People must remember that their votes do, indeed, count, as evidenced by elections resulting in narrow margins and even tie votes. A recount of a town finance board race in the Sept. 10 Connecticut primary confirmed that the contest was a tie, a reminder that voter participation is vital in a democratic system.

Citizens in Connecticut are fortunate to live in a state where its Secretary of the State works to ease the process of registering to vote and casting votes. Too many states are making it more difficult to vote, purportedly as a way of stopping fraud (though such fraud is virtually nonexistent.)

On this National Voter Registration Day the country's voters remain in the shadow of the June U.S. Supreme Court ruling that eliminated a vital part of the 1965 Voting Rights Act, allowing some states to move forward with restrictive voter identification laws. Attorney General Eric H. Holder Jr. has since intervened but a long-term solution remains out of reach until Congress acts to fashion a new and fair formula.

Despite better access to registration and to the polls in Connecticut, the number of citizens participating remains troublingly low. In Connecticut, one in three eligible citizens are not registered, while nationwide, one in four are not. Sad numbers for a country ruled by a 226-year-old Constitution creating a government of representatives elected by the people.

"Elections and voting are central to our form of government," Elisabeth MacNamara, president of the national League of Women Voters, said in her call for attention to Tuesday's activities. She cited Thomas Jefferson, who wrote with regard to the U.S. Constitution: "Should things go wrong at any time, the people will set them to rights by the peaceable exercise of their elective rights."

To exercise that right, however, the people must register.

While Connecticut will implement its new law allowing Election Day registration this fall, to assure your right will not be infringed it makes sense to register now, rather than waiting until the last minute.

The League of Women Voters of Southeastern Connecticut is among more than 250 Leagues from 42 states hosting registration events on Tuesday. Public libraries in New London, Waterford, Montville, Groton and Norwich will be staffed by League volunteers to answer questions and offer assistance. In addition, every public library has voter registration forms, as does every town hall.

New registrants must be U.S. citizens and 18 years old by Nov. 5, Election Day. Voters must register if they have had a recent change of address or name. Bring a driver's license or a state ID or the last four digits of your Social Security number.

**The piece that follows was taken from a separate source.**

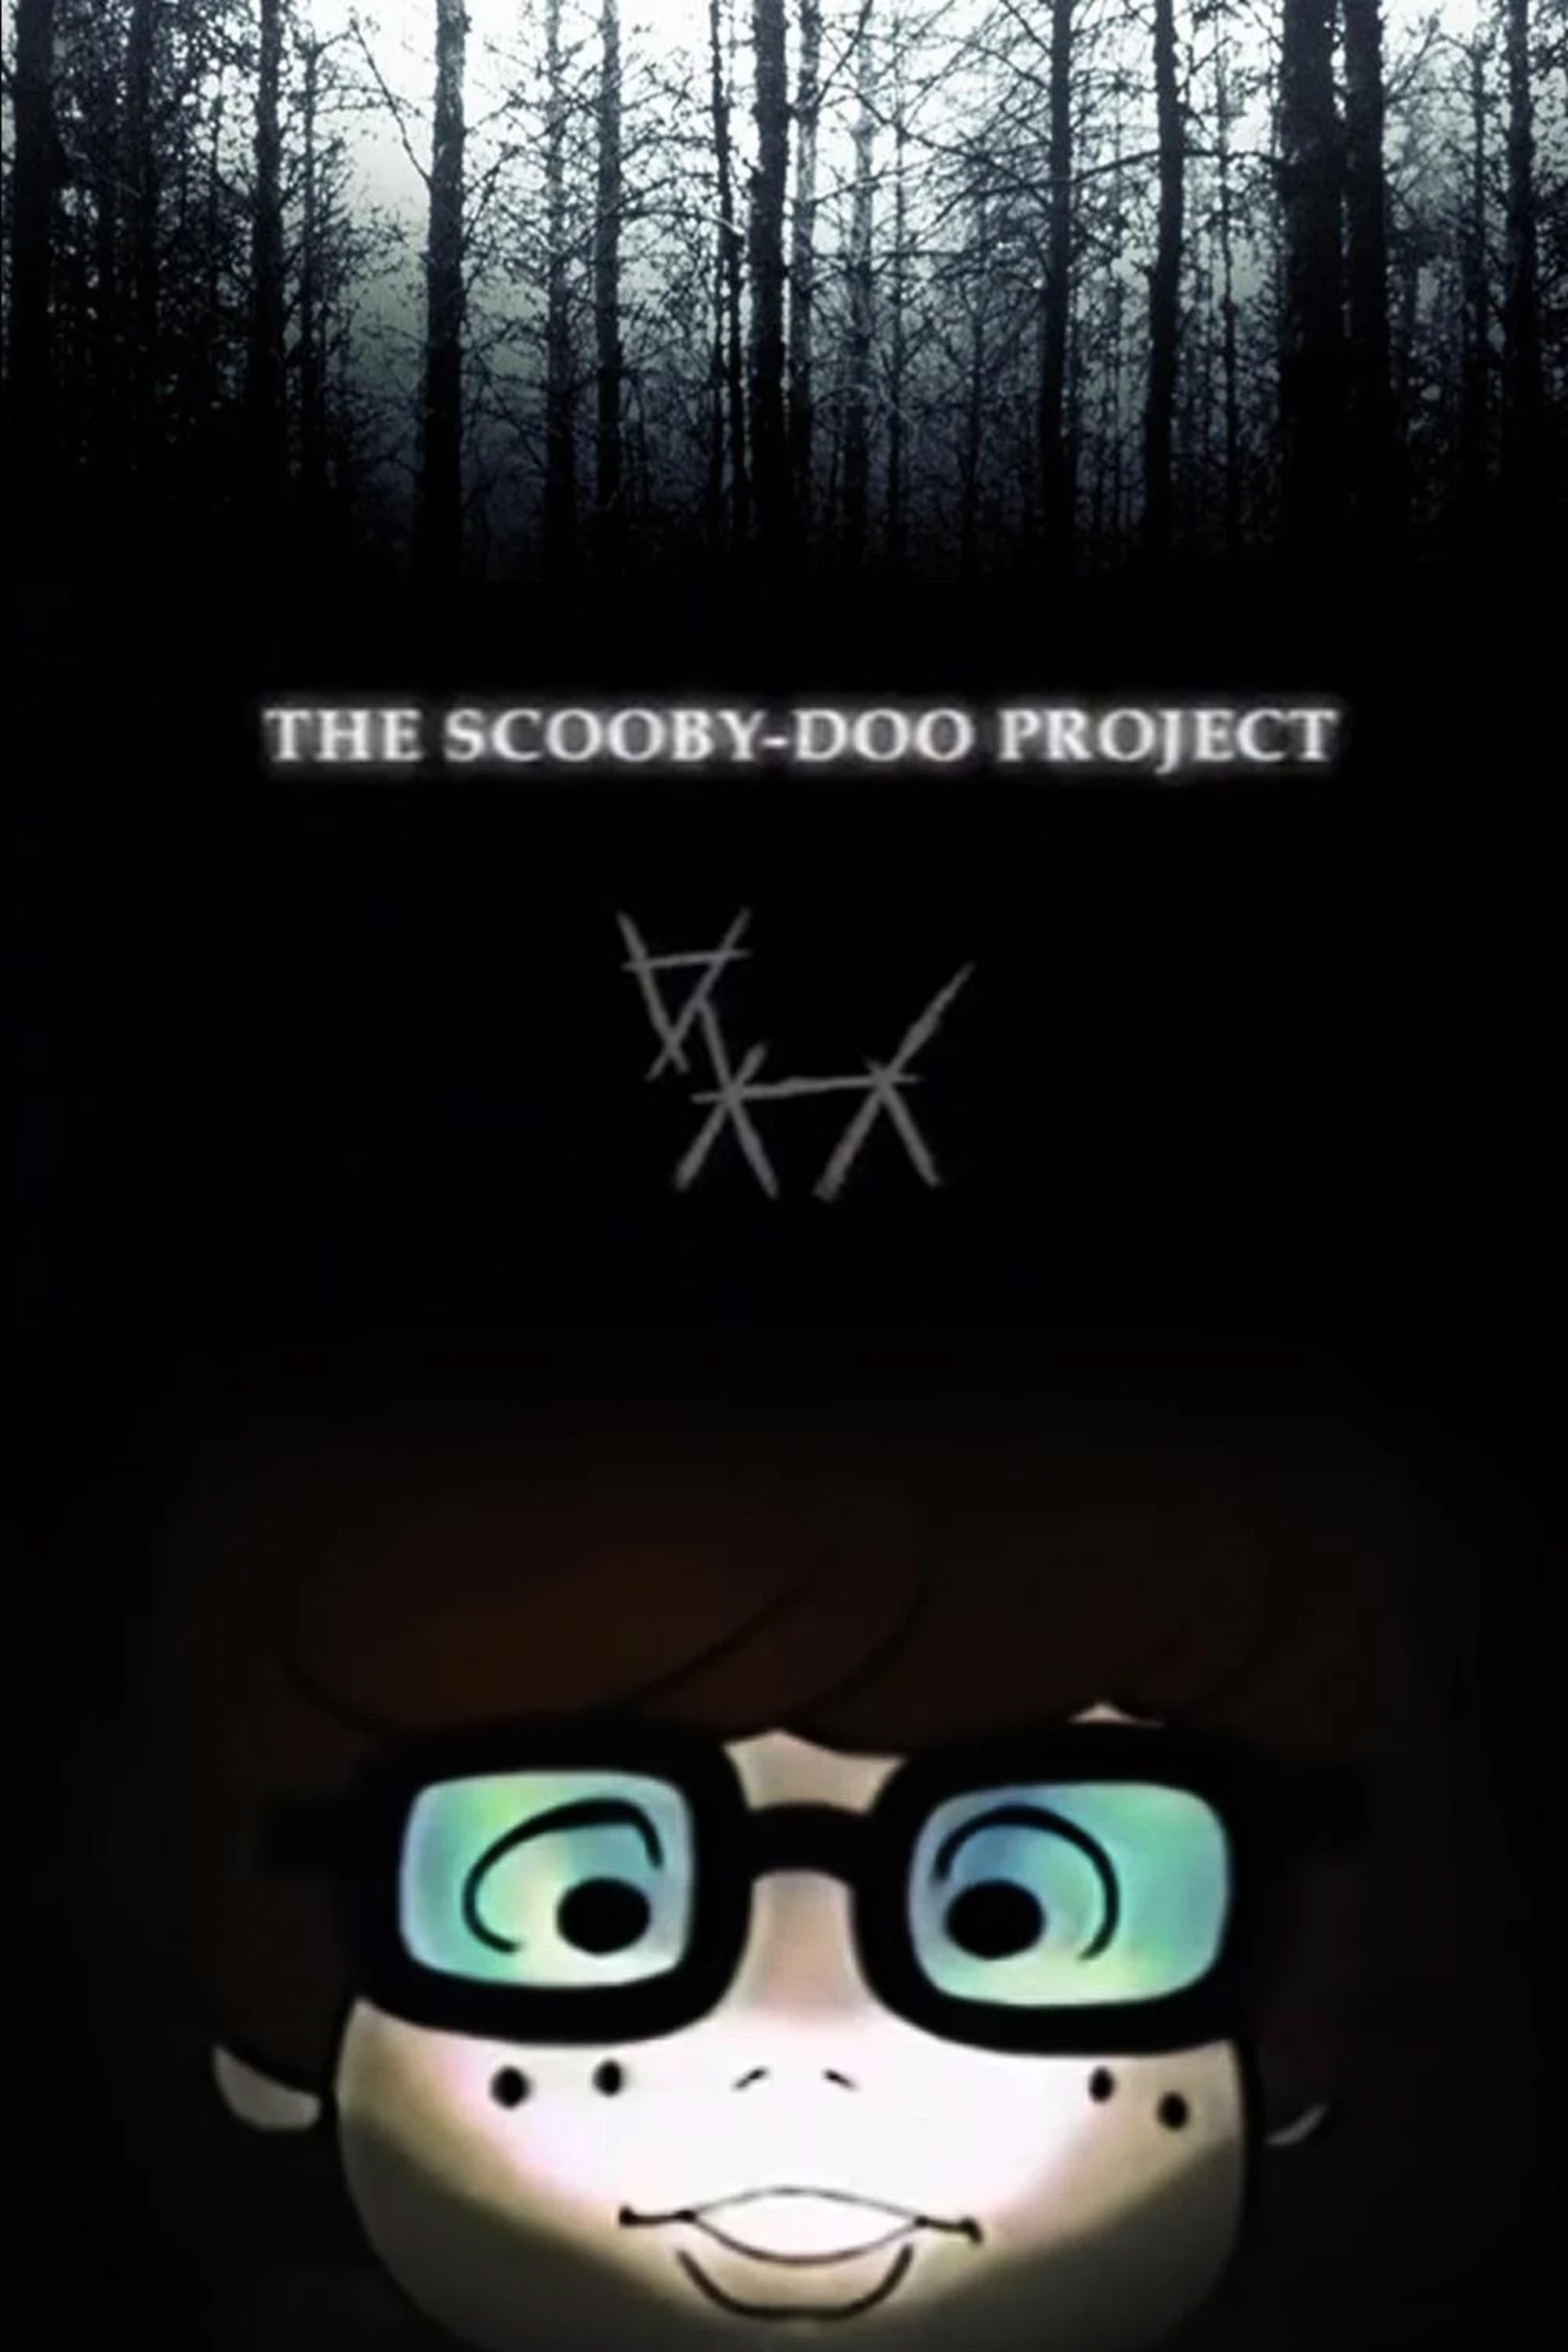 The Scooby-Doo Project poster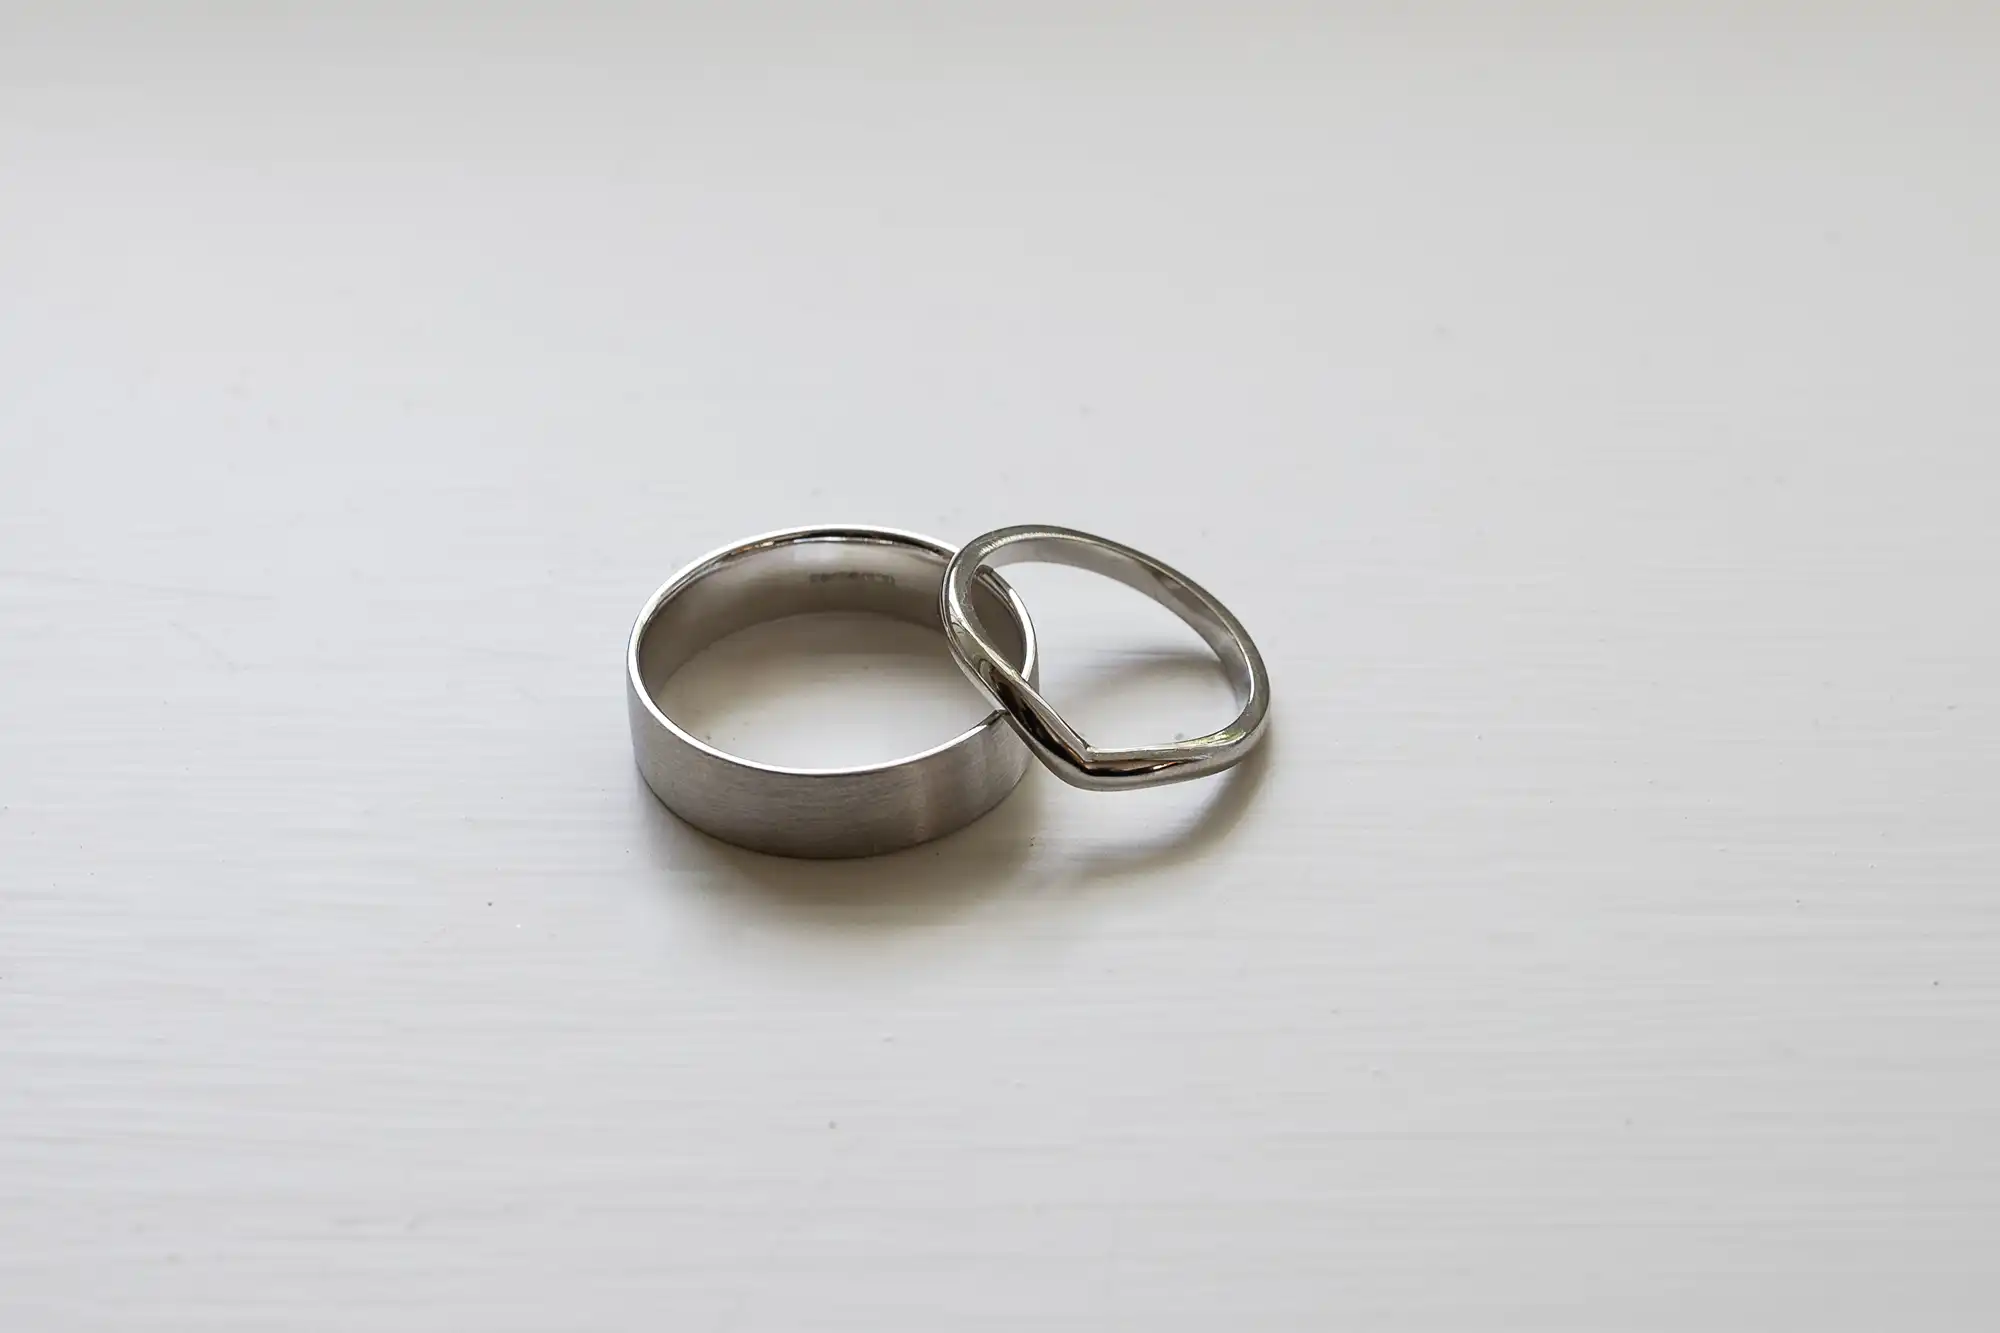 Two wedding rings, one with a classic band and the other with a twisted design, resting on a white surface.

As part of Tuesday's events, the Connecticut Secretary of the State's Office, in conjunction with the state Department of Education and local registrars of voters, is launching a voter registration contest among the state's high schools to see how many people they can register as a way to mark the day. The contest runs through Oct. 22, when mail-in voter registrations are due for the Nov. 5 municipal elections. Secretary of the State Denise Merrill came up with the idea in her role as co-chair of a national voter participation committee.

For more voter information visit the Secretary of the State's Office website, or go to, an election resource established in 2006 by the League of Women Voters, or the National Voter Registration Day site,

Register to vote and be counted among those participating in government and democracy. Then turn your effort into action and vote on Election Day.

Rosanne Smyle is vice-president of the League of Women Voters of Southeastern Connecticut and a former Day writer and editor. She lives in Stonington.